I’ve been consulting and speaking a lot about AI lately, and frankly, I doubt we’ll have a clear idea when such real-world anchoring has occurred, or autonomous consciousness.


Still, she makes a strong point about how many humans fail the same kind of reality-anchoring test that she would apply to AI. “Extremist communities, especially in the social media era, bear a disturbing resemblance to what you might expect from a conversation held among similarly trained GPT-3s,” she says. “A growing tide of cognitive distortion, rote repetition, incoherence and inability to parse facts and fantasies within the thoughts expressed in the extremist online landscape signals a dangerous contraction of understanding, one that leaves its users increasingly unable to explore, share and build an understanding of the real world with anyone outside of their online haven.”


== Solving crises ==


Unfrozen Lands: The climate crisis threatens much of the Earth with droughts, flooding and brutal heat. But it could also create unparalleled opportunity for a few countries — perhaps none more than Russia Put aside the fact that the new farmlands will remain crappy, with poor topsoil for millennia… and that there’s only one growing season, while climate change destroys other zones on the planet that had two.  From Moscow’s perspective, this is all good!  Including the 12 new bases they are building to control the melted Arctic, causing deep concern among our Naval folk.  Oh, and new circulation patterns bring winter ice storms over the US Midwest, further encouraging our idiots to shout “What ‘warming’?” Putin can’t stop winning.


More than 3,000 years ago, a couple at the biblical site of Bethsaida, in Israel, was buried side by side in a spooning position, with the male's arm over the female's body, and the archaeologists who discovered the remains are now calling the couple "Romeo and Juliet." Especially since the male died in his late teens and the female in her early teen or preteen years.

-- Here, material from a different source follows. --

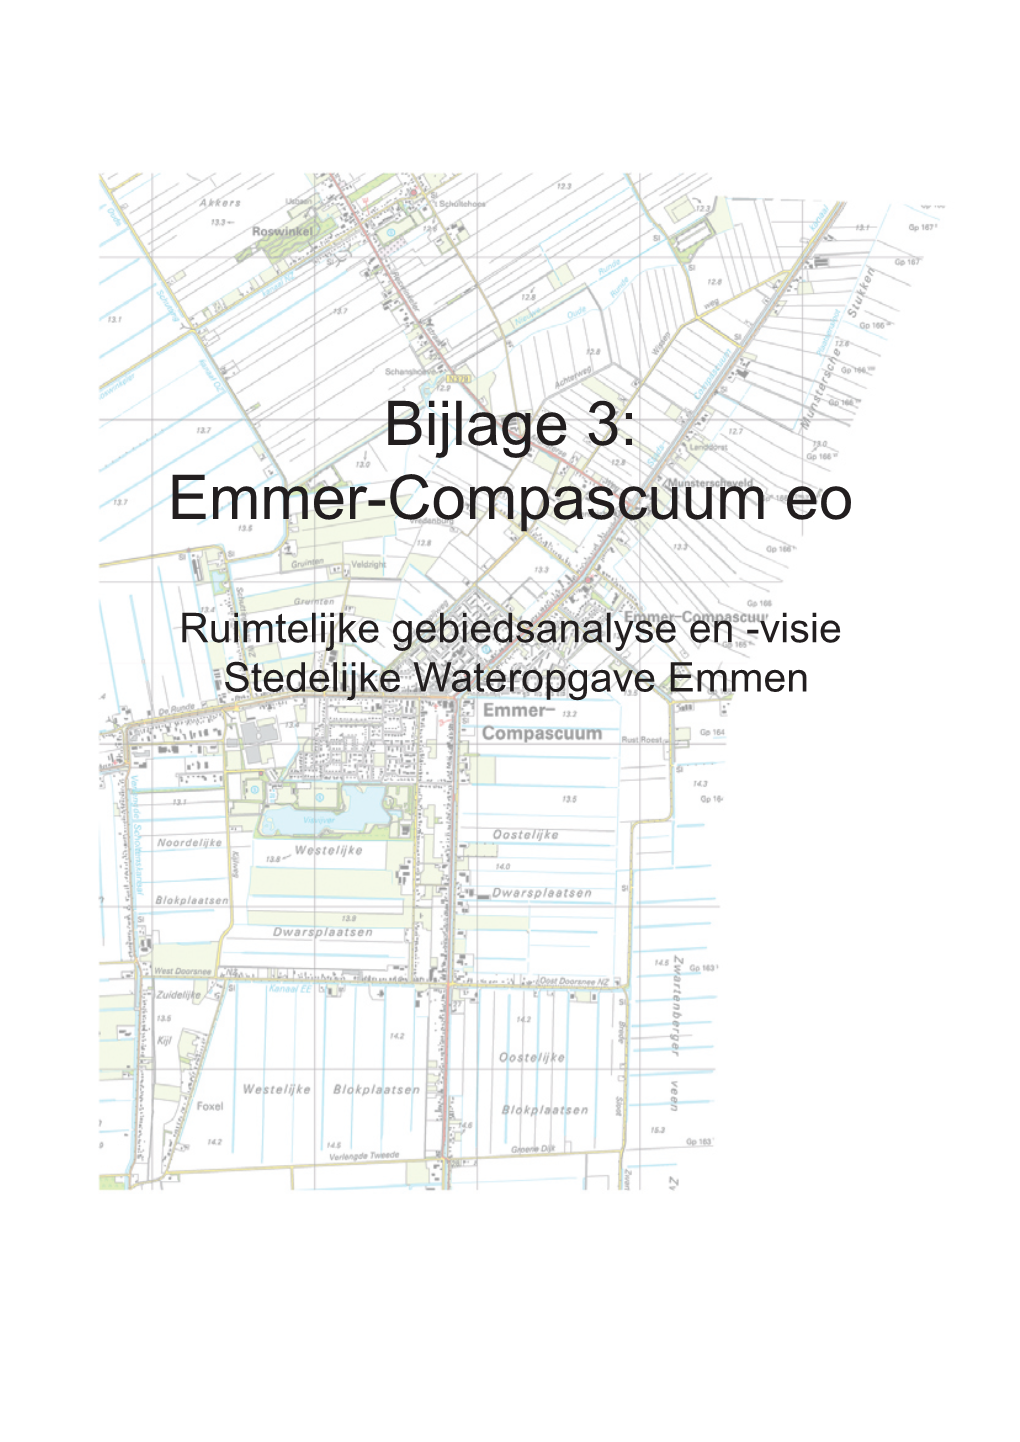 Emmer-Compascuum Eo

Fascinating ruminations on what attributes a Black Hole might have if it were a useful source of power. Interesting indeed. Raising the question of whether a micro black hole can interact with its surroundings via anything other than simple mass, charge, spin and Hawking Radiation. Pairs of black holes orbiting each other will leak Gravity Radiation (GR). But what happens when that GR encounters another orbiting pair? Is it simply absorbed, increasing the 2nd pair's orbit? (And might that make a good GR detector?) 


Or are more complex effects possible? Like diffraction of the incident GR or possibly even reflection, back at the source? And if so... you might get the scenario I depicted in EARTH, where a pool of elevated gravity potential tat lies between the two orbiting pairs might experience STIMULATED EMISSION OF GRAVITY RADIATION between the two "mirrors." Creating in effect a GRASER or the GASER gravity laser I portrayed in that novel.

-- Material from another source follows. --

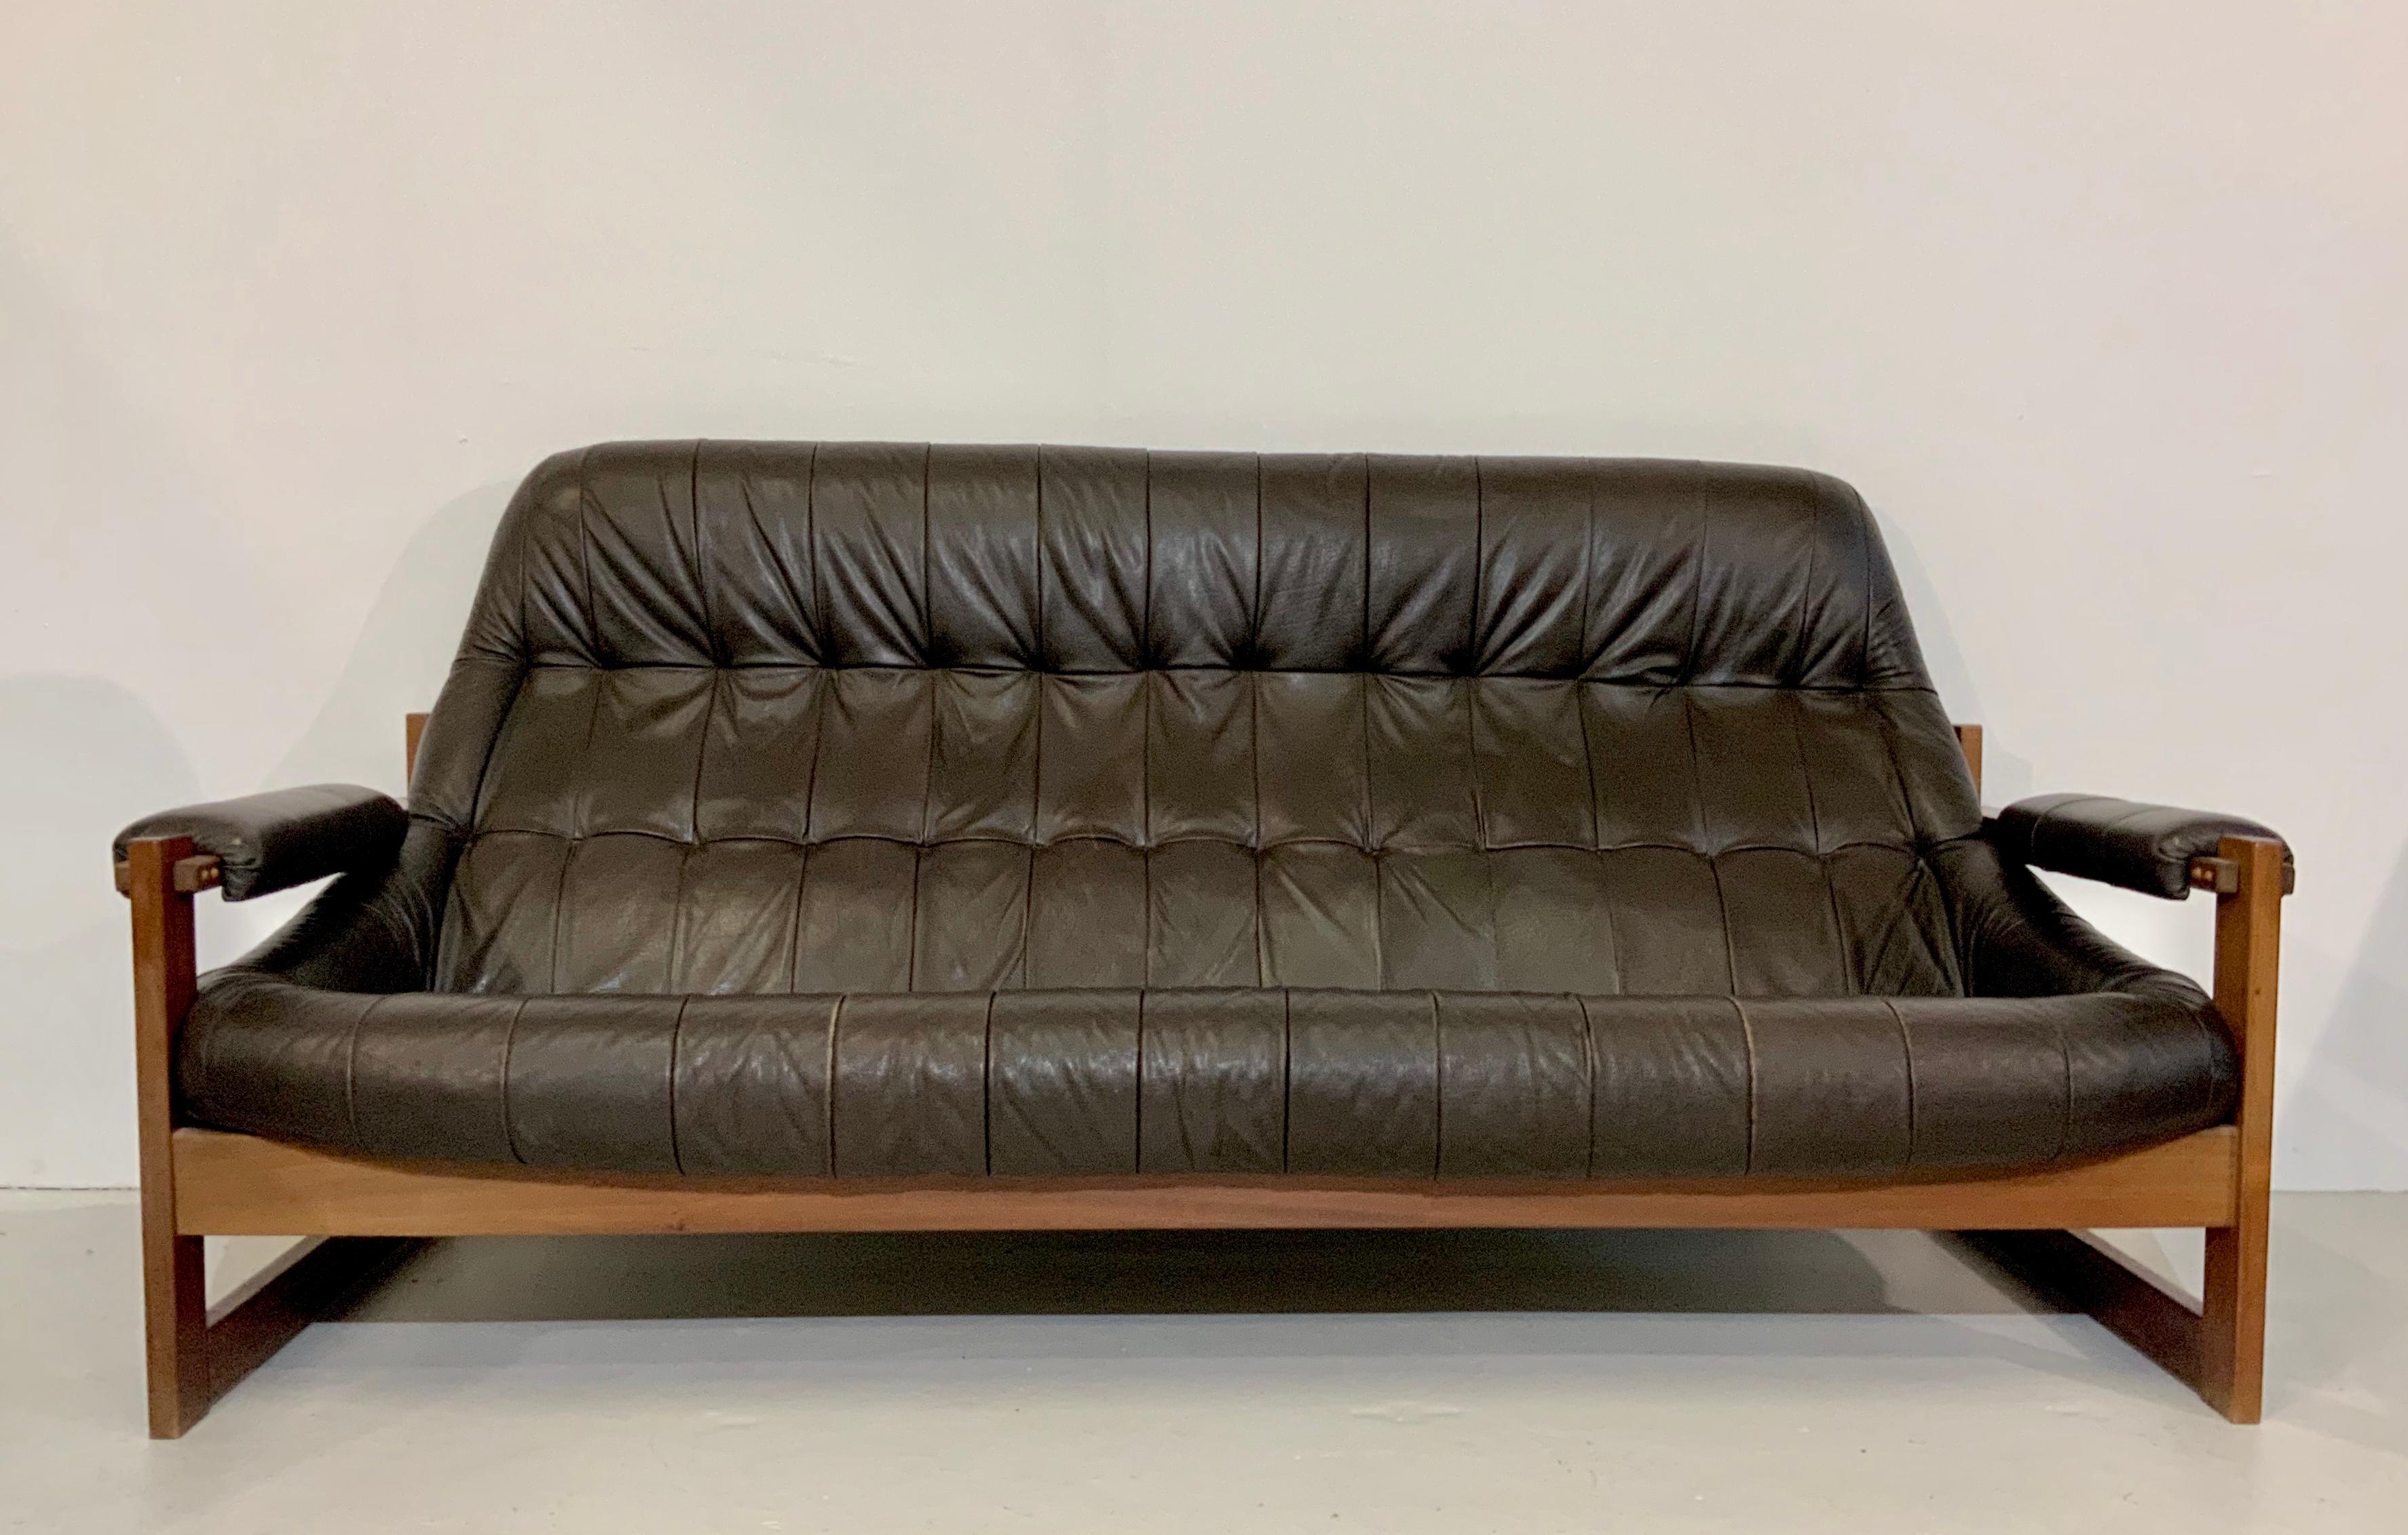 Percival Lafer Brazilian Mid-Century Modern Design Leather Living Room Set 1970s For Sale 3

Wish I had time to dive deeper. Interesting stuff.


And we will face new crises... IExistence it's the law in 2050 that males must pee, if possible, into a garden or into a Phos Urinal to recover valuable phosphorus (possibly our next big crisis?) Or at least onto a tree.


== Out of Time adventures ==  


Suppose your descendants – people of the future – reach back in time to ask for your help. Would you go?  24th Century humanity has created a Utopia. No more War. Disease. Prejudice. Crime. But no heroes! And suddenly they need heroes, fast. So they reach out across time… for you. 


Would you go?

And what if only teens can survive the trip?

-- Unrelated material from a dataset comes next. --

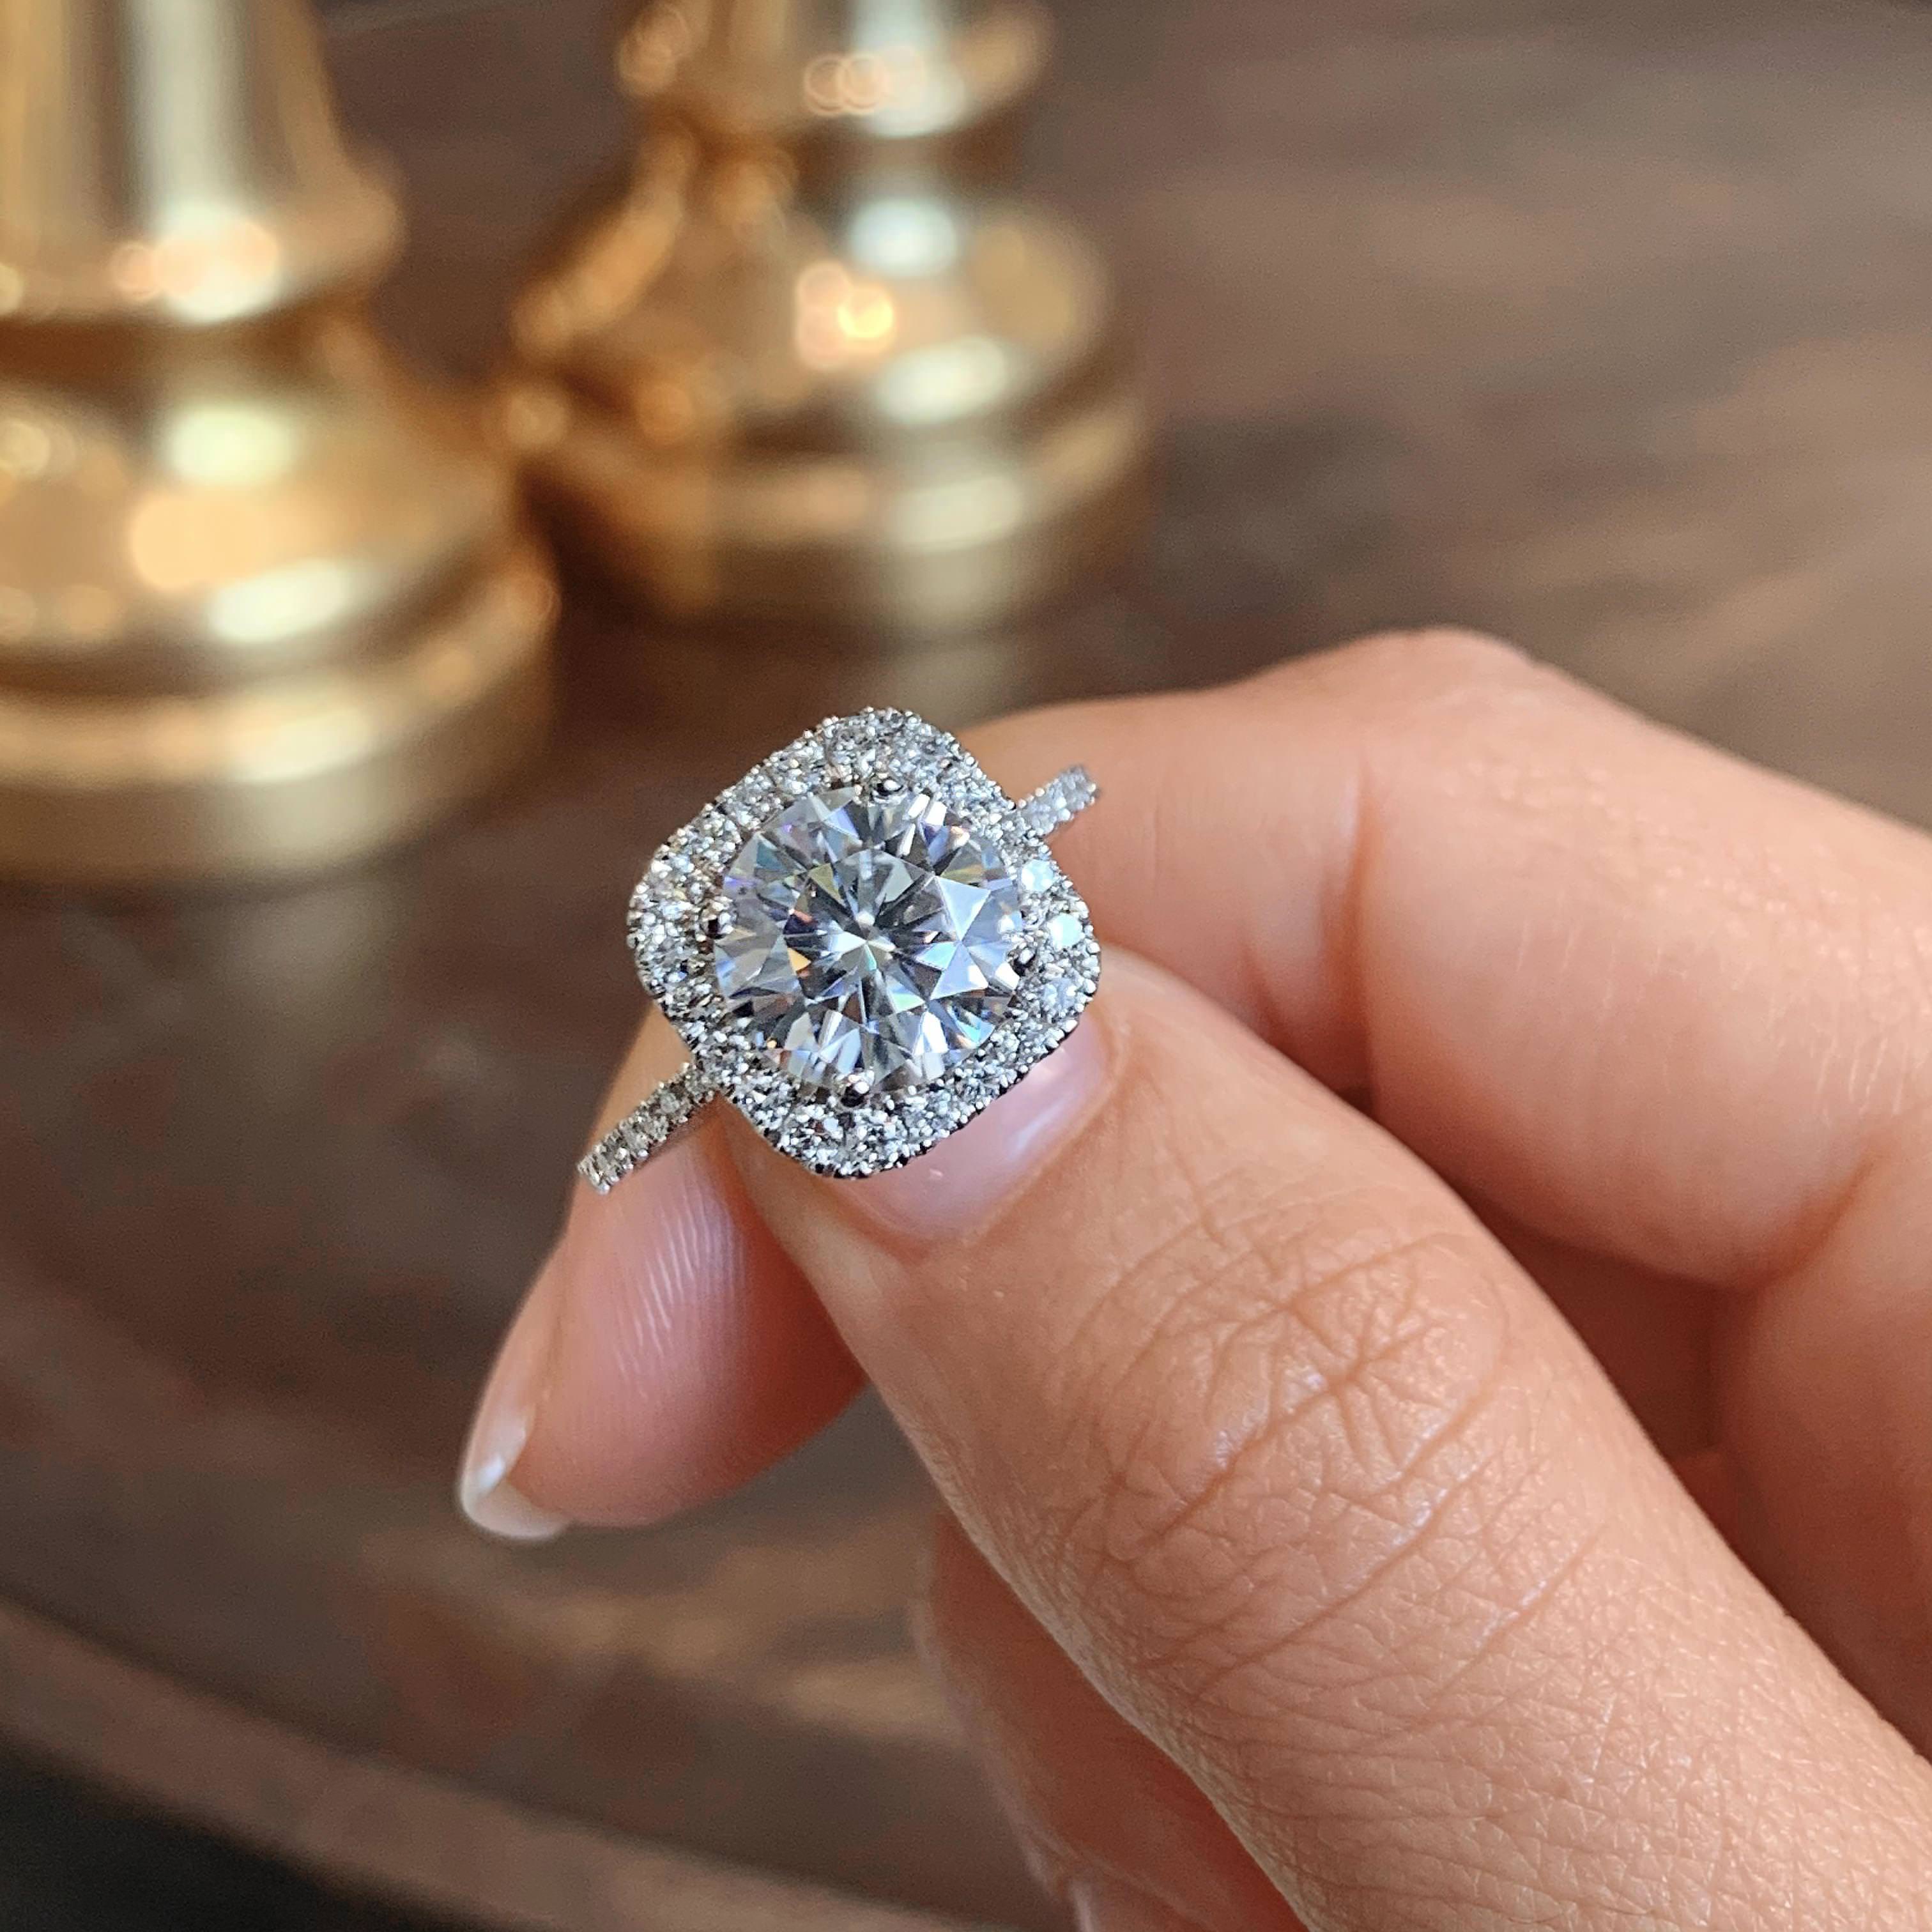 Catalina Moissanite & Diamonds Ring   (3.5 Carat) -18K White Gold

In the first Out of Time novel, Nebula Award winning author Nancy Kress takes you on an adventure, with a 10th Century Viking girl, a New Jersey high school basketball star and a young thief from Shakespeare’s London who are yanked into a future of both promise and peril and asked achieve what adults of that time cannot… rescue a lost star-colony. But even if they succeed, will they ever make it back home? 


38 comments:

Paul451 said...

"Will AI mostly be used in ethical or questionable ways? "

Yes.

scidata said...

Had a bit of a vax reaction - felt like SNL's Weed Gummy skit. We're battling here in Toronto. Was also worried about my Maple Leafs, but I seem to have got them sorted again. Dr. Brin has this AI thing pretty much grokked, but continues to orbit ethics, (male) accountability, and empathy. The word he's searching for is syntonicity. If he ever met Seymour Papert, I'd love to hear any stories.

It's a venerable trick to yank a familiar character from one time into a completely different one. Jeanne d'Arc and Voltaire in FOUNDATION'S TRIUMPH come to mind (virtually). Hemingway, who was a staff writer at the Toronto Star in the early 1920s, once said that modern American literature all sprouted from Mark Twain's Huck Finn. Perhaps American Alternate History & SF sprouted from A CONNECTICUT YANKEE IN KING ARTHUR'S COURT. It used humour to advocate for science. Sounds familiar.

Lorraine said...

I've always thought of the possibility of AI as either utopian or dystopian depending on whether the first successful implementation is open or closed source, respectively. I think the probability of the former outcome is vanishingly small, so my only hope is that the very idea of AI turns out to be snake oil and hype. Certainly the "artificial artificial intelligence" is always behind some curtain, so far. How much free labor have I alone provided to the "autonomous" vehicle industry just solving captcha®s? It reminds me of the third quadrant (if I remember the schema correctly) in your transparency book, where individuals' ability to obtain information about institutions is massively outclassed by the latter's ability to observe the former.

Tim H. said...

RE: phosphorus recovery, no problem, when you see a toddler peeing in the yard, rather than ordering them into the bathroom just call out "Honey, the garden needs that!". A moveable curtain might be in order so everyone can contribute.

matthew said...

What percentage of social media "engagement" is already various language AIs testing their capabilities against a human audience and each other? I would be willing to bet $$$ that the percentage is non-zero, and bet $ that it is large enough to not be a rounding error of total traffic.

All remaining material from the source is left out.